Version 2 (modified by cotto, 13 years ago)

add annotated body of a profile

Introduction

Callgrind's output format is very general because it's targeted by a number of different tools. This page describes Callgrind's output format as it pertains to PIR-level profiling for Parrot.

Terms

  • Process under test - This is the process of the program being profiled, i.e. a PIR program of some sort.
  • Profile - This refers to the output file containing profiling information for the process under test.

Format Description

The format consists of a header and a body. The header consists of several key value pairs which describe the purpose of the profile. KCachegrind ignores lines it doesn't know about. In the example below, this feature is used to add comments to an example profile. See the bottom of this page for information about how this example was generated.

Example

Example C Code

The following C code was used to generate a (nearly) trivial profile:

#include <stdio.h>
#include <valgrind/callgrind.h>

void func1();
void func2();
void func3();

int main() {
    CALLGRIND_START_INSTRUMENTATION;
    func1();
    func2();
    func3();
    CALLGRIND_STOP_INSTRUMENTATION;
}

void func1() {
    int i;
    for (i = 0; i < 1000000; i++);
}

void func2() {
    int i;
    for (i = 0; i < 1000000; i++);
    func1();
}

void func3() {
    int i;
    for (i = 0; i < 1000000; i++);
    func2();
    func1();
}

The program was compiled and profiled as follows:

gcc callgrind_test.c -g -o callgrind_test
valgrind --tool=callgrind --compress-strings=no --compress-pos=no --instr-atstart=no ./callgrind_test

Annotated Header from the Profile of above C Code

The above valgrind invocation produced a profile in callgrind.out.PID, where PID is the process ID of the process under test. Below is the header of the profile, annotated with a description of the purpose of each line.
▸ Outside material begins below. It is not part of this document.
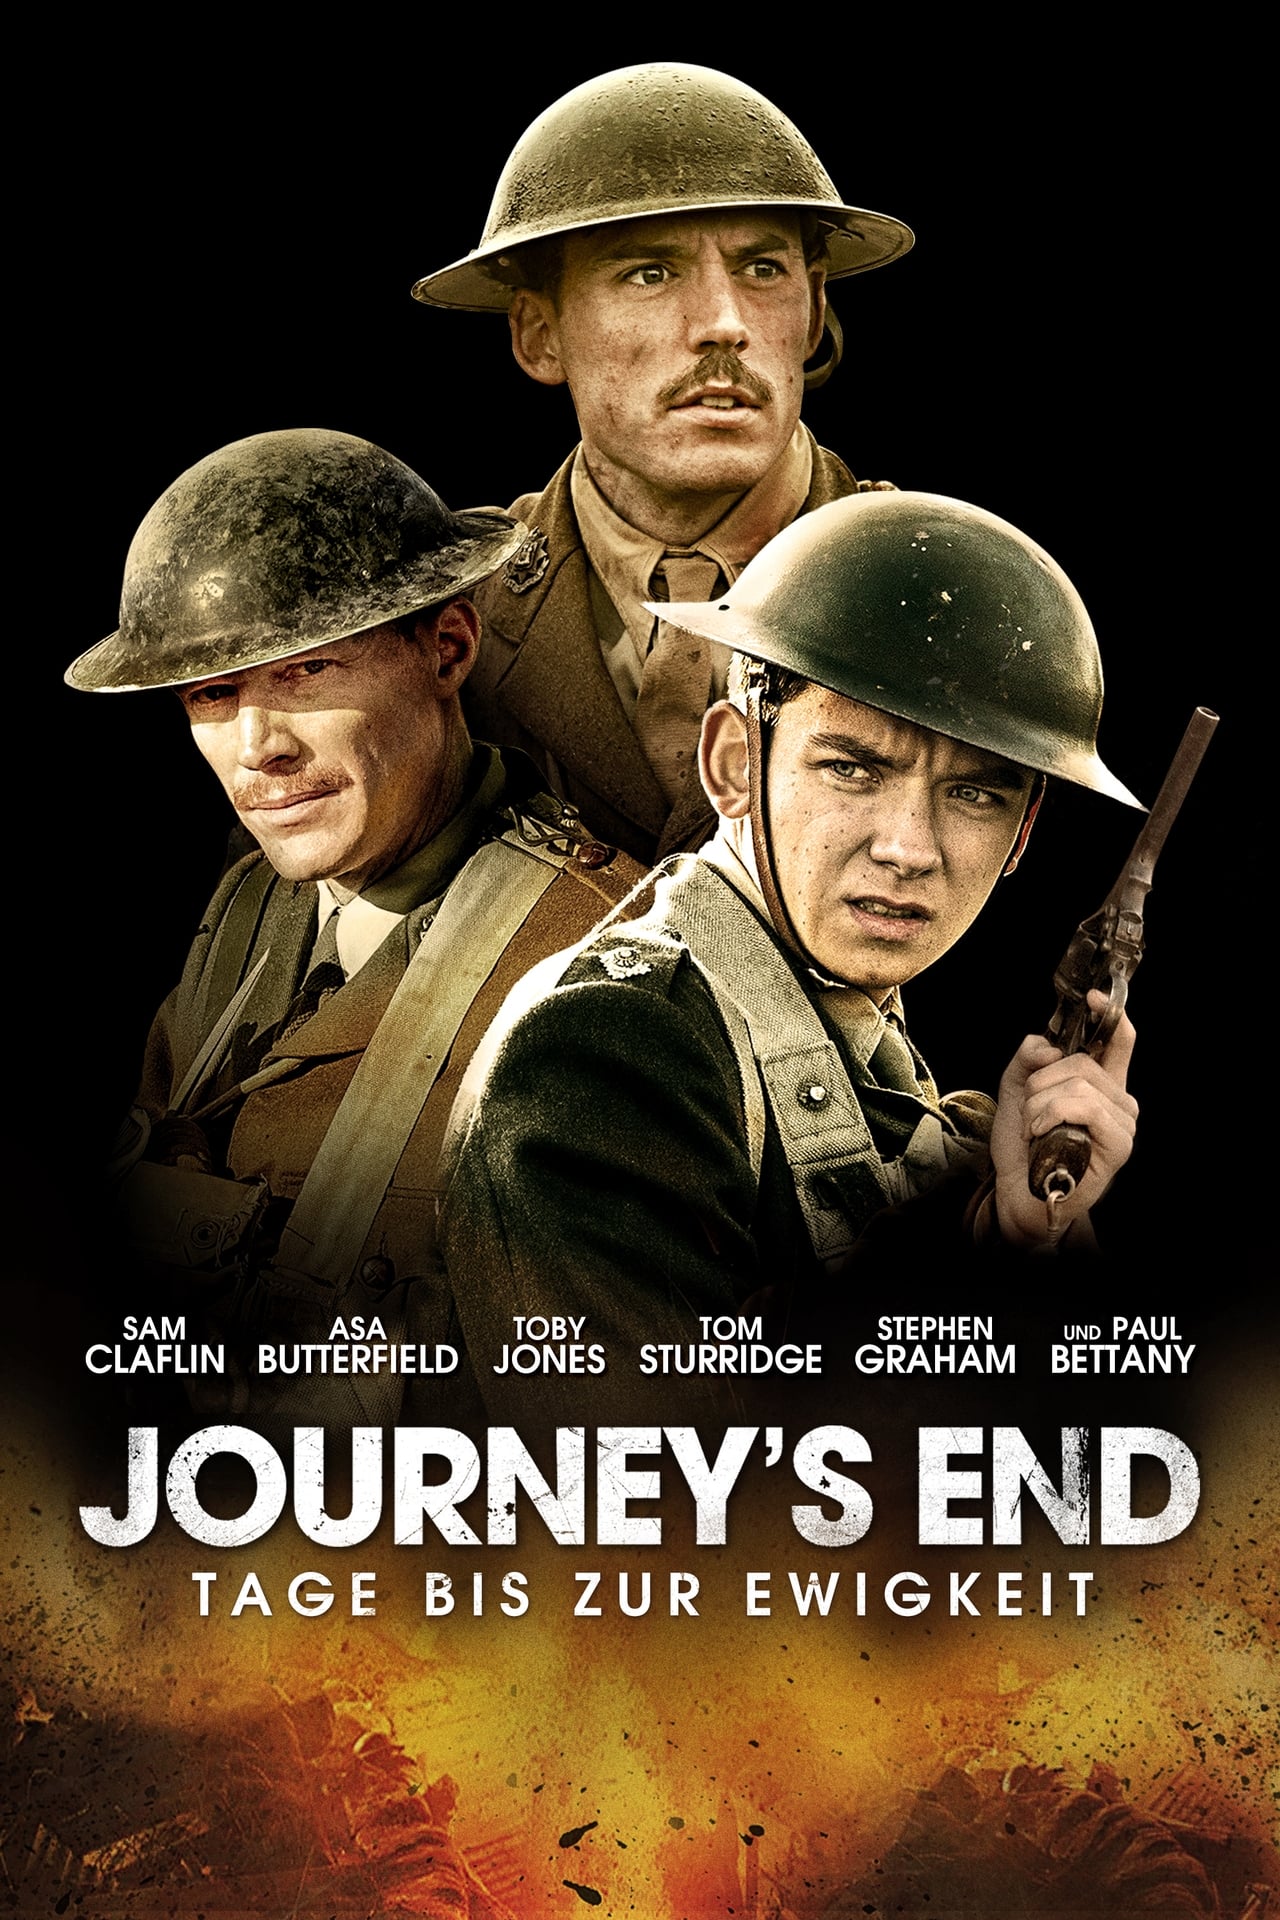 journey's end book themes

# version of the Callgrind format
version: 1

# what created this profile, informational only
creator: 3.4.1-Debian

# PID of the process under test
pid: 5751

# the full CLI invocation that started the process under test
cmd:  ./callgrind_test

# used when multiple dumps are produced, starts from 1 and increments
part: 1

# parameters used for the cache simulator; not relevant for function profiling
desc: I1 cache:
desc: D1 cache:
desc: L2 cache:

# not really sure
desc: Timerange: Basic block 0 - 7000029

# Why did the process under test stop?  (informational only)
desc: Trigger: Program termination

# (optional) what do positions mean?
# "line" - (default) positions are line numbers in a file
# "instr" - positions are offsets in a binary representing instructions
positions: line

# (required) event types logged by this file
# "Ir" - instruction read access
# "I1mr" - instruction L1 read cache miss
# "I2mr" - instruction L2 read cache miss
events: Ir

# (recommended) the total number of events covered by this profile
# This is intended to allow postprocessing tools to know the total cost in advance.
# "totals" appears at the end of the file and has the same value.
summary: 21000073

Annotated Body from the Profile of above C Code

# "ob" means object file, i.e. the ELF executable where the next set of costs occur
ob=/usr/src/parrot/parrot-svn-committable/callgrind_test
# source file responsible for the next set of costs
fl=/usr/src/parrot/parrot-svn-committable/callgrind_test.c
# name of the function responsible for the next set of costs is "func2"
fn=func2
# on line 21 of the current file, 6 cpu cycles passed
21 6
# on line 23, 6008 cpu cycles passed
23 6008
# on line 24 (before calling), 2 cpu cycles passed
24 2
# the function (in the same file) "func1" was called
cfn=func1
# 'func1' was called nonrecursively from "func2" 2 times during profiling.  Calling the function cost 16 cpu cycles.
calls=2 16
# on line 24, the function itself cost 6018 cpu cycles
24 6018
# on line 25, 4 cpu cycles passed 
25 4

# the next costs apply to the function "main"
fn=main
# on line 9 of the current file (callgrind_test.c), 3 cpu cycles passed
9 3
# on line 10, 1 cycle passed before...
10 1
# the function (in the same file) "func1" was called
cfn=func1
# the function was called 1 time; calling the function cost 16 cycles
calls=1 16
# the call happened on line 10 and cost 3009 cycles
10 3009
# on line 11, 1 cycle passed before...
11 1
# the function (in the same file) "func2" was called
cfn=func2
# the call happened once; calling the function cost 21 cycles
calls=1 21
# the call happened on line 11; the function cost 6019 cycles
11 6019
# on line 12, 1 cycle passed before...
12 1
# the function "func3" was called
cfn=func3
# it was called once and the call cost 27 cycles
calls=1 27
#on line 12 (the function call), 12039 cycles passed
12 12039

#now we're talking about "func1"
fn=func1
# on line 16 of this function, 12 cpu cycles passed over the course of the process
16 12
# on line 18, 12016 cycles passed
18 12016
# on line 19, 8 cycles passed
19 8
# now we're talking about "func3"
fn=func3
# on line 27, 3 cycles passed
27 3
# on line 29, 3004 cycles passed
29 3004
# on line 30, 1 cycle passed...
30 1
# "func2" was called
cfn=func2
# it was called once with the call costing 21 cycles
calls=1 21
# the function cost 6019 cycles
30 6019
# on line 31, 1 cycle passed...
31 1
# "func1" was called
cfn=func1
# it was called once and the call cost 16 cycles
calls=1 16
# the function was called on line 31 and cost 3009 cycles
31 3009
# etc
32 2

# 21073 cycles passed during the part of the process under test that was instrumented
totals: 21073